De pronto, emergió de la oscuridad un coche que subía por el otro canal de la avenida, y el conductor se quedó mirándolos y les hizo señales con las manos, al tiempo que se internaba en la urbanización vecina. Hizo un giro inesperado y se estacionó cerca de ellos.
- ¿Qué le pasó, maestro? —preguntó al padre.
- Venimos cargados con arena y se reventó un neumático. No traemos repuesto —respondió con cierta cautela.
- A ver… —dijo el otro, al tiempo que se asomó para mirar de cerca el neumático y el rin. Y agregó: —creo que puedo echarles una mano.
Dicho esto, el desconocido fue hasta el maletero de su coche y con poco esfuerzo sacó un neumático ya montado en su rin y lo puso sobre la acera. Verificó de nuevo, y comprobó que era el mismo de la camioneta.
Cuando el padre lo fue a levantar para montarlo, el hombre le dijo que no se preocupara, que él mismo lo haría. Y sin demora, sacó el gato hidráulico de su coche y con destreza subió la camioneta, desmontó el neumático reventado y montó el suyo. En cuestión de pocos minutos la camioneta estaba lista para proseguir su viaje.
El padre y el hijo estaban en silencio, no podían creer lo que presenciaban. Cuando todo estuvo en su sitio, el padre le dijo al hombre que no llevaba dinero encima, pero que tomara nota del número telefónico de su casa y que lo llamara para ponerse de acuerdo y pagarle.
El hombre sonrió impasible y le dijo que no se preocupara por la paga, que él lo contactaría en los próximos días, y, que, si no lo hacía, podía llamarlo a un número que le dio anotado y le dijo que preguntara por Francisco Ruiz. El padre y el hijo le agradecieron al hombre por la ayuda prestada, y este se marchó a toda velocidad y pronto se perdió en la nada. Eran casi las 12 de la medianoche y el frío apretaba.

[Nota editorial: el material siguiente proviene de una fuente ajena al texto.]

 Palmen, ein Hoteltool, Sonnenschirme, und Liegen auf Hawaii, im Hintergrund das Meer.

El padre y el hijo bajaron hasta la obra en silencio, cada uno procesando a su manera lo que acababan de vivir. Estaban agradecidos y atónitos con el desconocido, que los había auxiliado en un momento tan difícil. Llegaron a la obra, descargaron sobre el piso la arena y cerca de la una de la madrugada regresaron piano piano a casa.

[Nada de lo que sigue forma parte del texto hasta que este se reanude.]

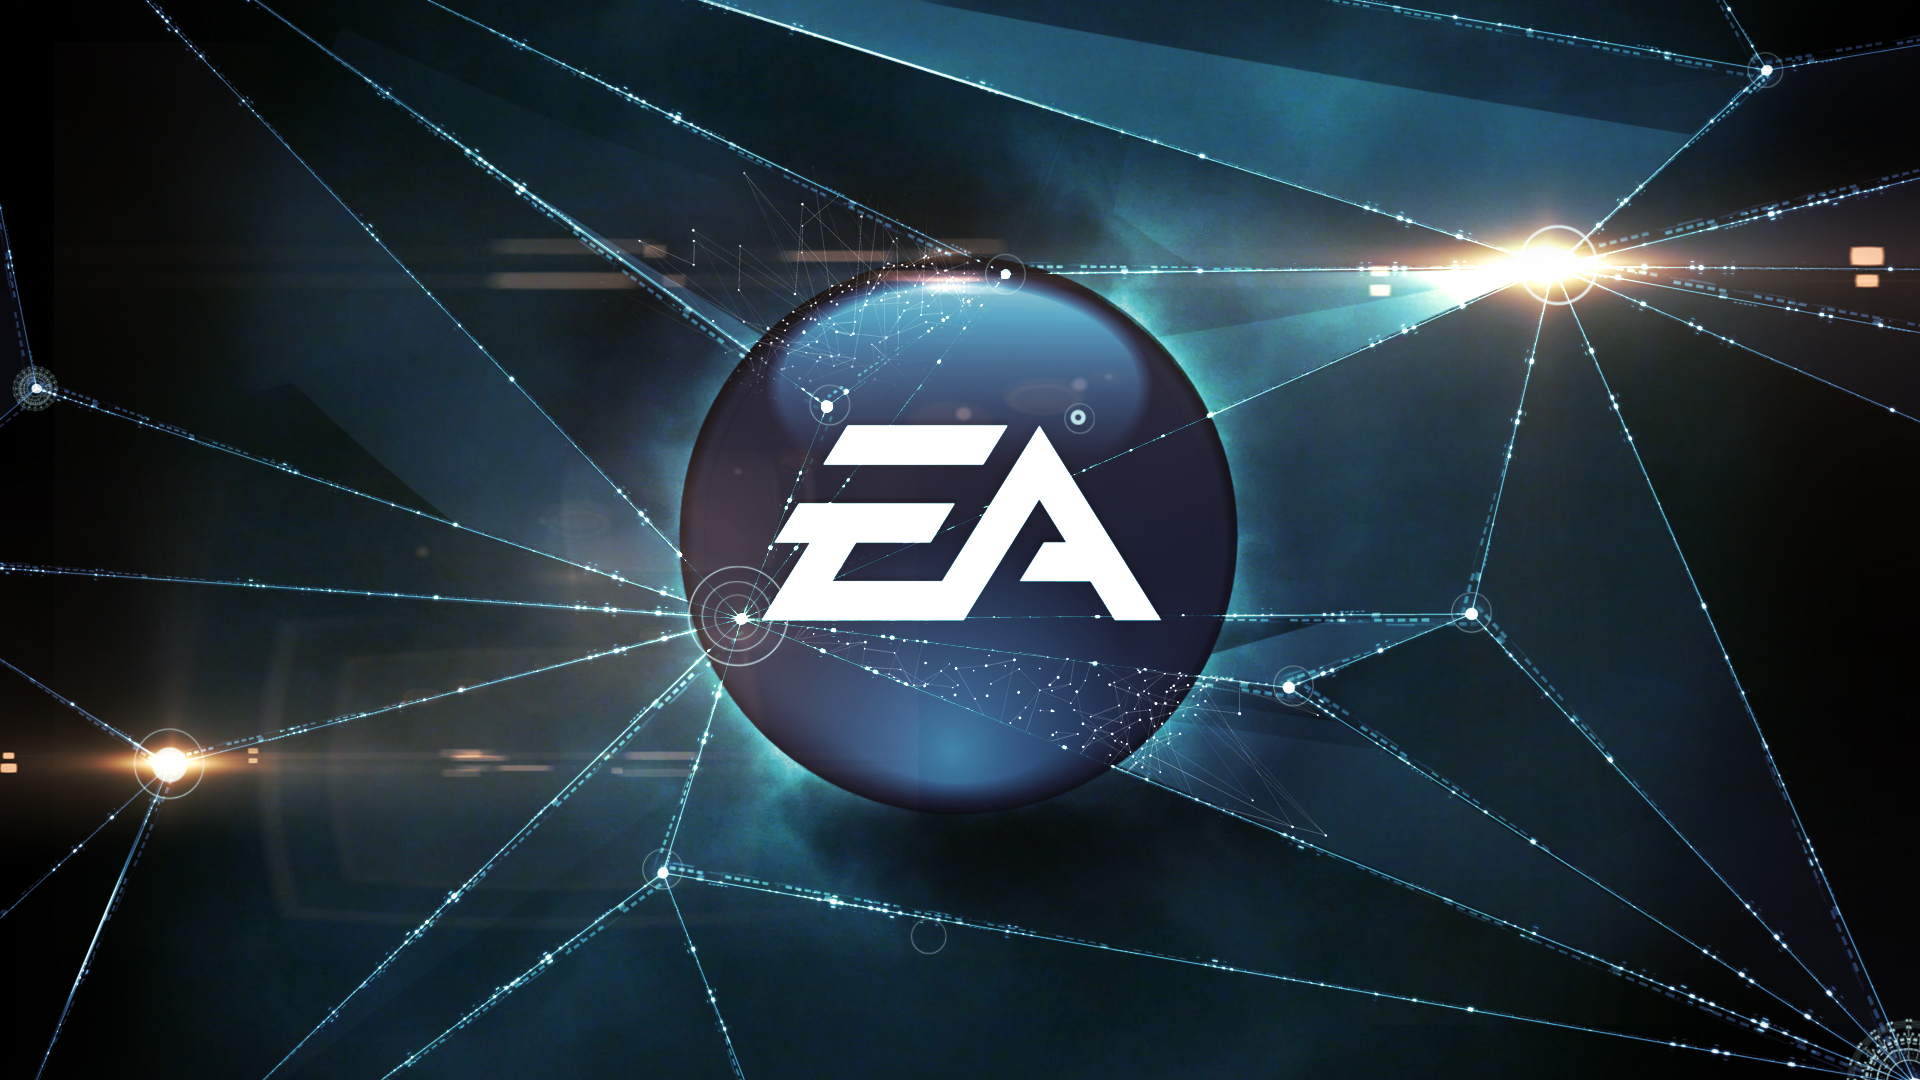 Electronic Arts / EA

Dos días después, el desconocido aún no había llamado al padre. Entonces, inquieto, sacó del bolsillo el papel en el que había anotado su número y su nombre, e hizo la llamada. Al segundo repique, una voz femenina respondió y cuando el padre preguntó por el hombre y contó la historia, hubo un largo silencio al otro lado de la línea y creyó escuchar los sutiles estertores del llanto.
Al cabo de algunos segundos, la voz femenina dijo cortante que allí no vivía nadie con ese nombre y que por favor no volviera a llamar, que respetara el dolor ajeno, y colgó con estrépito.
Pasaron los años y el padre nunca recibió la llamada prometida. De vez en cuando recordaba con su hijo (ya convertido en hombre) aquella historia, y todavía no podían explicar lo sucedido, solo alcanzaban a formular supuestos y manidas hipótesis. ¿Portento? ¿Misterio? ¿Solidaridad sin límites? Todo es posible.